Where does the regex go

2011-02-13

Parsing js (or ECMAScript) is not as straightforward as it might seem. Even though the language has a simple syntactic structure and is easy to learn, it's not as context free as one might like. Yes, the specification gives you a "context free grammar" (CFG) but it's not really Free. It could be made Free, but that entails rewriting the grammar in such a way that it's unusable for a specification.

As the title suggests, the main culprit is the regular expression literal. Of course, after that there's also the case of "Automatic Semi-colon Insertion" (ASI) and some minor cases of "strict mode". But they can usually be applied after parsing. The regex literal you need to deal with while parsing.

tl;dr: scroll down.

Multi functional forward slash

Let's review the uses of the forward slash in js...

Code: (js)
/abc/

/ab/c

a/b/c

//abc

/* abc */

a /= bc

a
/b/

a
/b/c

There are no less than six different ways for a forward slash to occur in js.

Quiz: of the eight cases presented above, only one is illegal (each case is separated by an empty line). Can you figure out which? No? Continue reading.

Quiz: can you name a punctuator that has even more contexts?

Intro to parsing (js)

The classic parsing method of dealing with it is to hook up the tokenizer to the parser. The tokenizer would accept a CFG (for ES, that's only A.1, A.2 and A.8.1, starting with either InputElementRegExp, InputElementDiv or JSONValue) and some source and spit out tokens. These are basically the atoms of the language. By definition a token is a single character of whitespace (like spaces and tabs, but not line terminators), line terminators, entire comments (single and multi-line), and a production named Token. This Token consists of an identifier (including reserved words), a punctuator (+*/{([ etc), numeric and string literals (single and double quote).

The parser then takes these tokens and tries to apply a second CFG (starting at Program or JSONText) to them. It can't just accept these tokens and put them in the parse tree because an identifier might not be valid at that specific position. For example you can't create a variable named for, but it's a valid IdentifierName, which is all the tokenizer cares about. The parser will analyze that identifier further and determine whether it's valid in that context.

Two notable exception from Punctuator is the division sign (/) and from Token we're missing the regular expression literal. This is because they both start with a forward slash and as I said before it would not be easy to build a useful CFG that's still able to make the distinction. So when the parser asks the tokenizer for the next token, it also tells it whether or not it might be looking for a regular expression. The specification literally notes that there is no context in which both a regex and a division might be possible. They had to cheat a little for this to happen, but I'll get back to that :)

Where

So at first glance it's a little puzzling where the regular expression is allowed. Especially from the CFG it's not easy to see the patterns. However, using the general knowledge of the language and writing some tests for my first successful parser gave me some insights to this problem as well. The first pattern is that a regular expression is not allowed to cross lines. Just like a string literal, except string literals can use the line continuation escape. Regular expressions don't have this (although there's talk about maybe adding this..). So that's rule one: regular expressions do not span multiple lines.

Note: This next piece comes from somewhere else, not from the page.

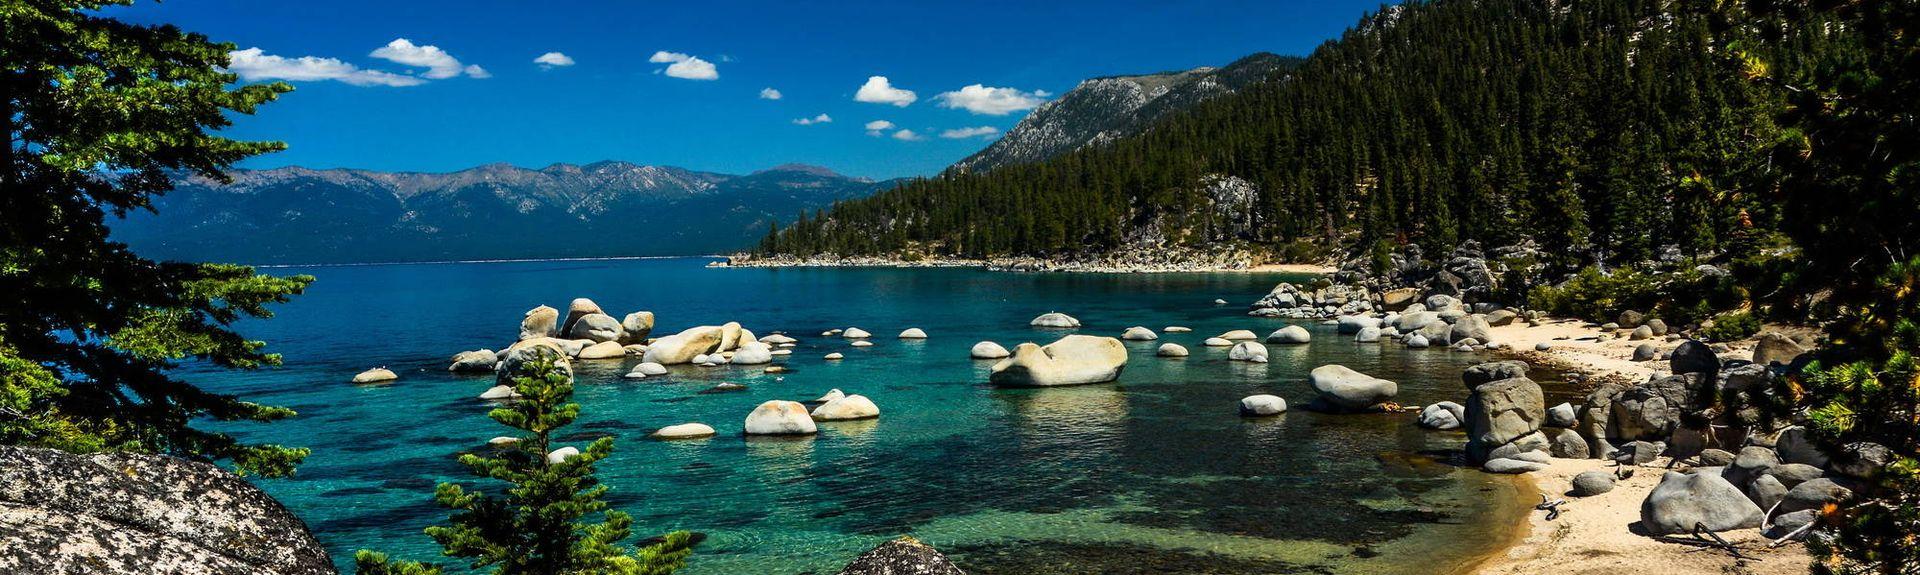 Vrbo | Reno, NV Vacation Rentals: house rentals & more
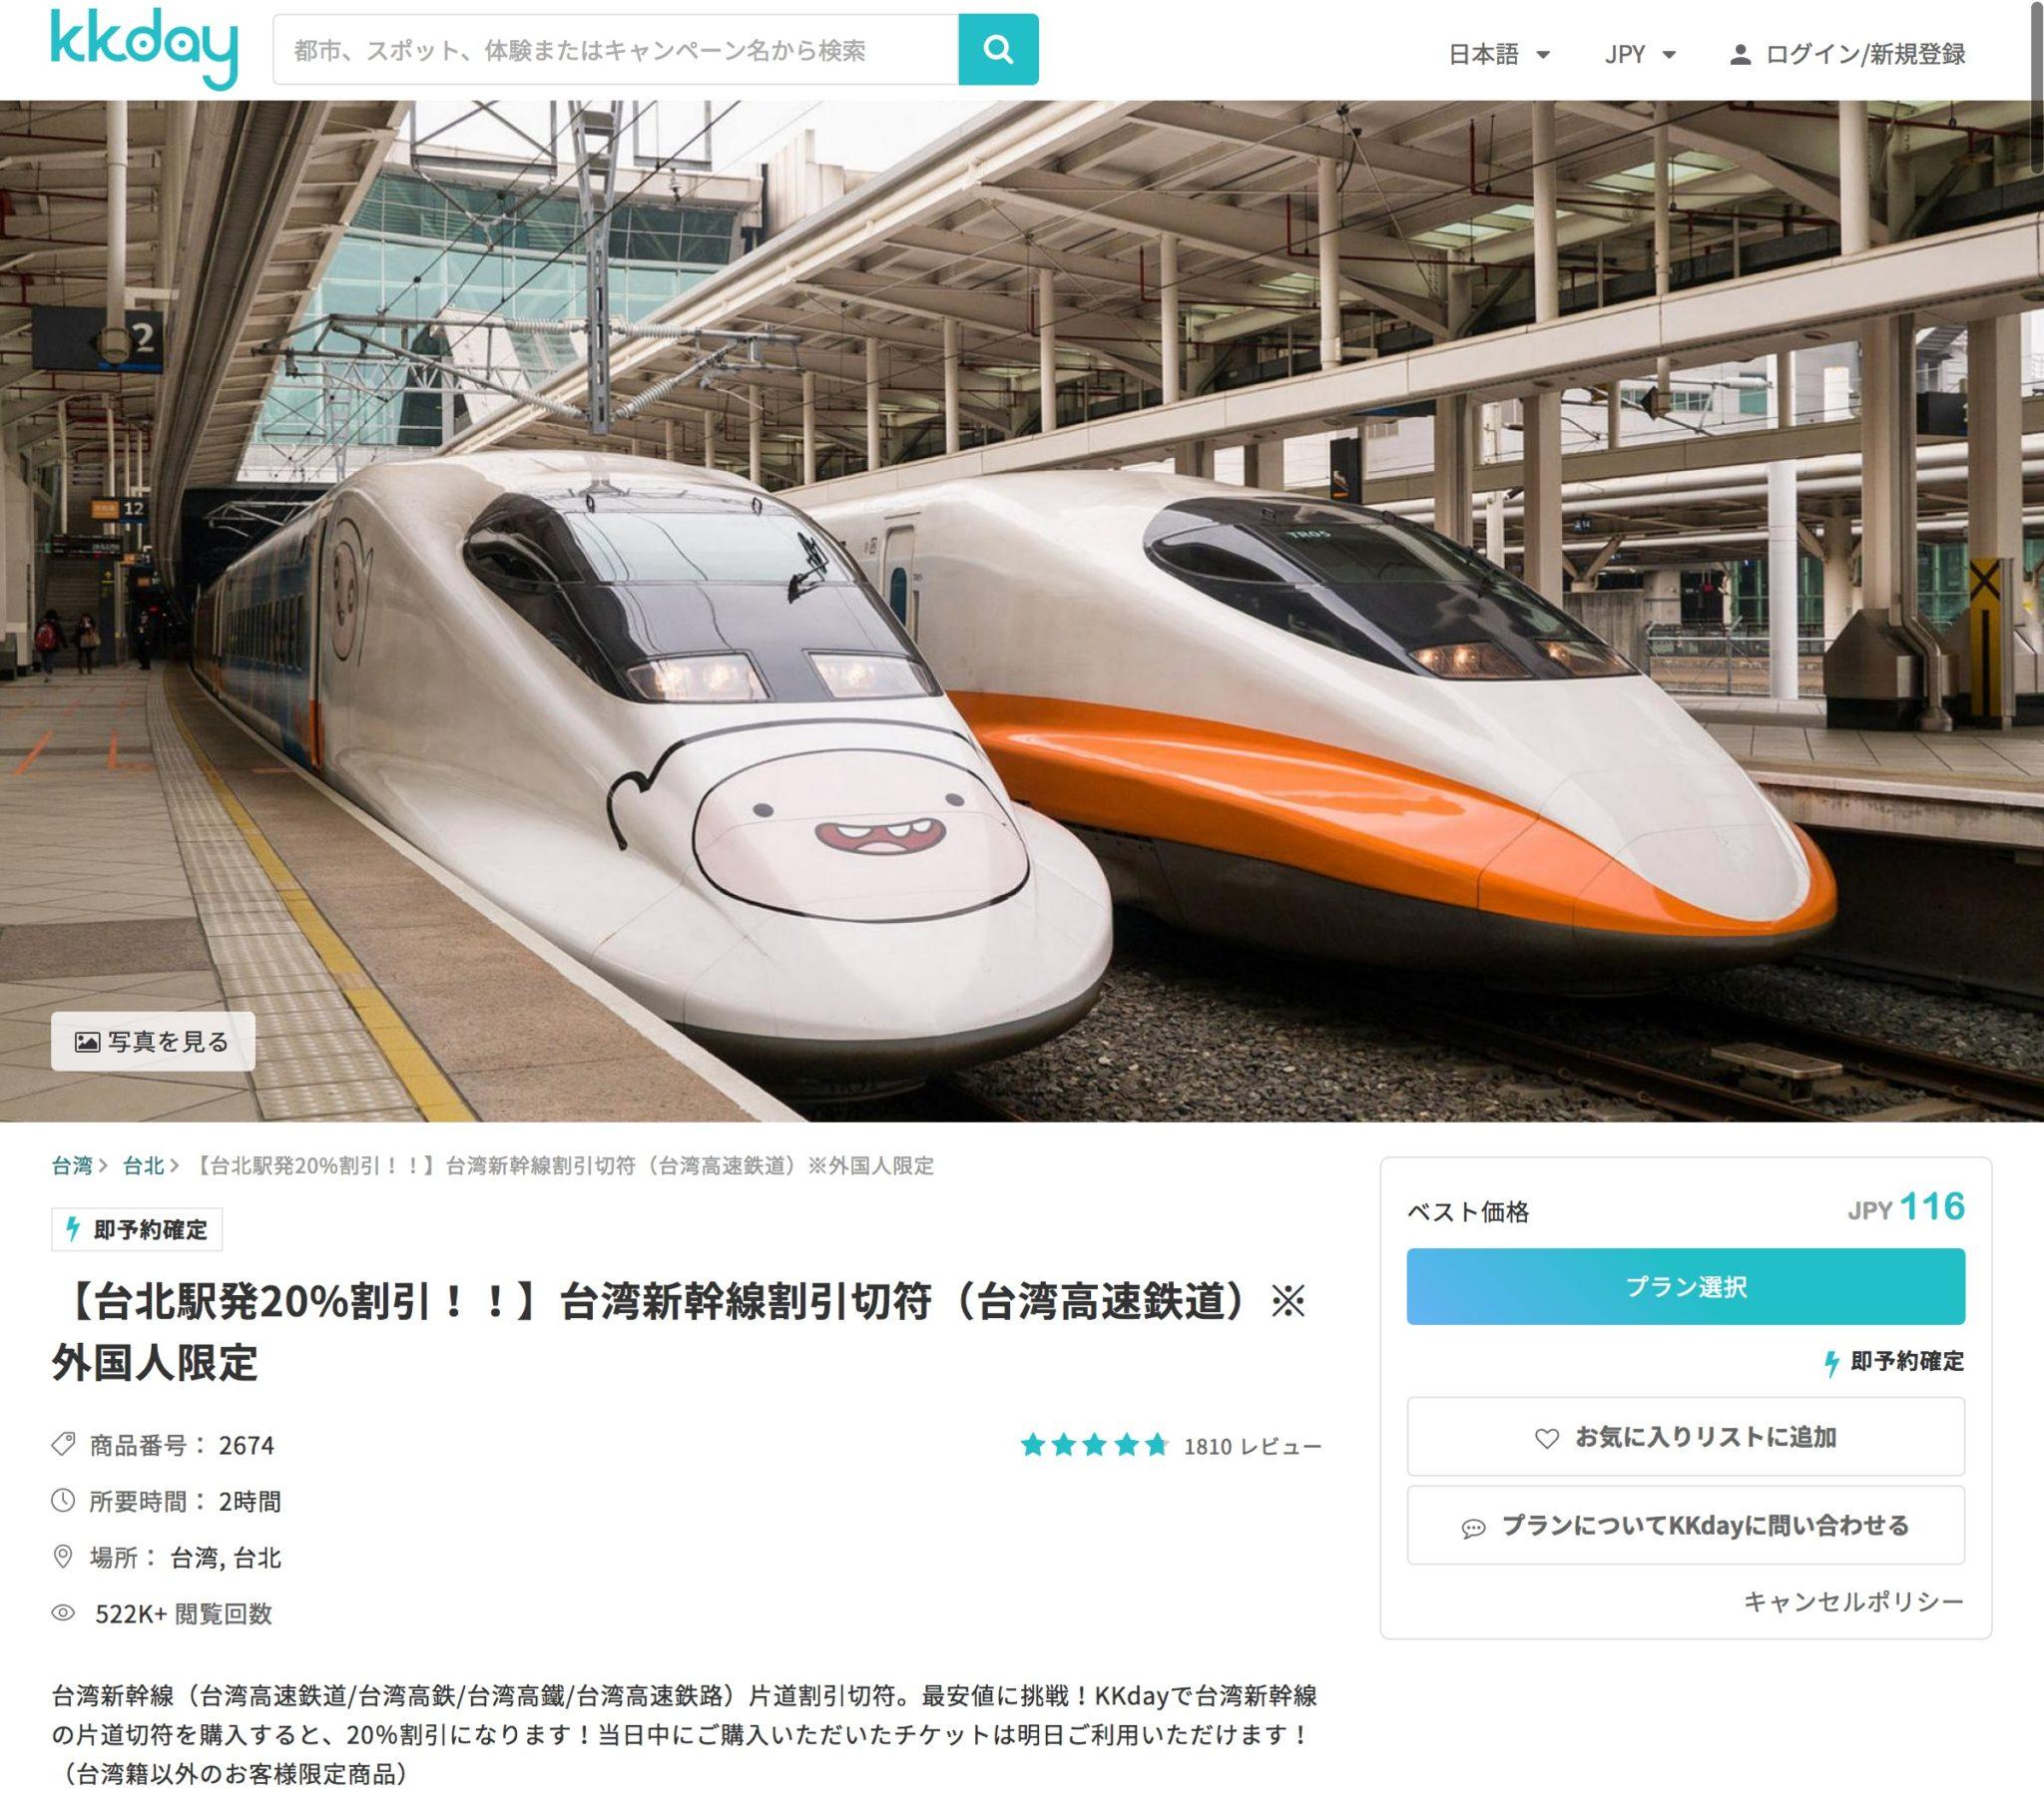 kkday 台湾新幹線の切符の買い方・手順

The next thing is that a regular expression is, as the name says, "an expression". That means you can apply the generic logic of where expressions are allowed to it. Let's view this from the first base element of any Program where expressions are allowed. This would be a statement. More specifically, it would be the ExpressionStatement production. I'm just gonna use "statement" though. If you're picky, it can be proven that the actual root production where you need to start looking is Expression, since a regular expression can't start with function or {. The second rule is: a statement never begins with a division

Punctuators

So we're trying to make the distinction between where a regex and a div is allowed. At the start of a statement, only regex is allowed. After a regex, only div is allowed. And likewise, after a div, only regex is allowed. That doesn't help us much :) Let's be more generic and look at punctuators. Looking at the list of punctuators ({ } ( ) [ ] . ; , < > <= >= == != === !== + - * % ++ -- << >> >>> & | ^ ! ~ && || ? : = += -= *= %= <<= >>= >>>= &= |= ^=) there are actually only three cases that need special care: {, } and ).

For any mathematical/logical operator in that list (+*&) can only be followed by a regular expression. It makes no sense (and is not allowed) to have 5 * / 6 in js. Of course, it makes no sense to multiply a regular expression with anything else, but at least syntactically it is allowed.

The compound assignments and the normal assignment may only be followed by a regular expression, never a division.

For the remaining punctuators, ( [ ; , ? : may always only be followed by a regular expression. On the other hand ] may only be followed by a division (either property or array expression). And . may be followed by neither if it's a property operator, by a division if part of a number. Note that for ;, it doesn't matter whether it occurs in a for-header or as a statement closer. In both cases, the next token may only be a regular expression.

So that leaves us with { } ).

The ) is basically either the closer of the grouping operator or a call expression (function invocation). In those cases only a division is allowed. Otherwise it's part of a statement header (for, while, etc) and the next token is a new statement so only regular expression is allowed.

The { can either be the opening to an object literal (neither allowed to follow it) or a block statement / function declaration (only regular expression allowed). Likewise, the } either ends an object literal (only division allowed) or a block statement / function declaration. In the case of a block statement, you probably need to encounter a semi-colon first. But in any case, a division is never allowed. So at best, you're looking for a regular expression.

Recap (tl;dr)

I think tracking these is much easier. You'll still have to track a few things (namely, the context of the three punctuator exceptions) but that's not as complex as figuring out where a regular expression is allowed syntactically by inspecting the CFG.

So, a regular expression may always occur at the start of a statement, after unary operators and after the mathematical, logical and assignment punctuators. A division may always but only occur after any kind of expression (and never when a regular expression is allowed).

So as long as you track the statements and keep the rules laid out above in mind, you should be fine.

Caveat

For this magic to work, one exception to ASI had to be included. Namely, if the next line starts with a forward slash AND could be interpreted as a division, a semi-colon is never included through ASI. This can lead to slightly awkward situations. The statement rule still applies, but you need to remind yourself of this special ASI rule because it's not listed in the specific ASI section in the specification.

Edit: minor addition; after re-reading the first note in chapter 7, this rule seems to be lighter than I thought at first. That is; asi is only not applied when the regex statement is preceeded by a trailing expression on the previous line. This means that var a \n /b/ is indeed valid after all, but var a=x \n /b/ would not be. Important to note here is that this only evaluates the first division and not the regex as a whole. This can make a difference when the regex has a flag, which could make the difference in making the whole valid or not. Just because the first forward slash can be a division doesn't mean that both forward slashes make the program valid.

Oh, the joys of parsing... :)